Actually this film features sensational performances from
the two leads in this film, with each contending for the performances of the
year. Trine Dyrholm plays Charlotte, a
blunt-spoken, free spirited thirtyish owner of a beauty salon who, with no
backdrop to the story, moves out on her long-term boyfriend Kristian just as he
passes his residency to become a doctor, which begins a series of one night
stands with guys that in her eyes just can’t get enough of themselves, finding
the male species insufferably boring.
She loves the sex but can’t wait for them to disappear. Just below her lives Ulrik, a transsexual who
goes by the name of Veronica, in a rare performance by David Dencik, who is
just waiting for a letter to arrive authorizing the sex change to become a
woman. Meanwhile she lives with her dog
Miss Daisy watching television soap operas, has occasional visits from her
mother bringing various treats, visits kept secret from her father who refuses
to acknowledge her existence, and a few forlorn men who come for
dominatrix-style humiliation and quick sex.
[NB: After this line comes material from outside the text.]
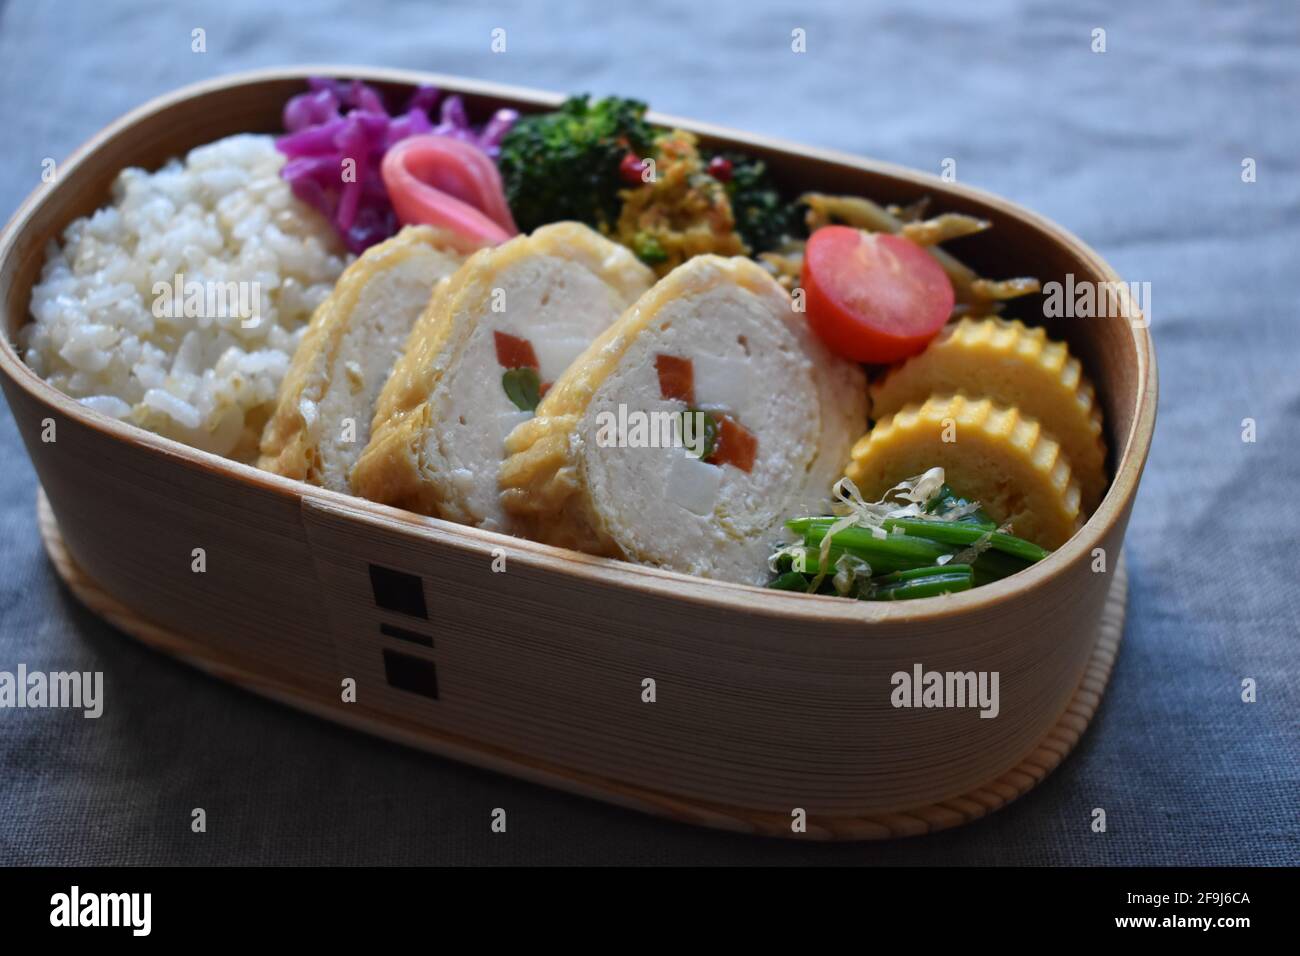 https://c8.alamy.com/comp/2F9J6CA/wappa-bento-japanese-lunch-box-made-with-round-shaped-wooden-plate-shinoda-maki-2F9J6CA.jpg

Initially the two neighbors get off on the wrong foot, as
Charlotte exhibits incendiary language thinking it’s no more than cutting-through-the-bull
flirtation, but eventually they develop an odd respect for one another on each
other’s own terms, something they each find otherwise near impossible, and in
doing so, open up avenues for the viewer.
It’s an extremely delicate matter with natural humor and a realist
texture, expressed non-verbally through smiles, quick glances, and facial
expressions with only scant background music, as Veronica goes through bouts
with suicidal depression, but her intact sensitivity is alarmingly real to
Charlotte, who obviously could use a bit of it after a broken relationship of
her own. Magnus Jarlbo and Sebastian
Öberg wrote a quiet understated score that rarely intrudes and is in perfect
balance with the subtle eloquence of the film.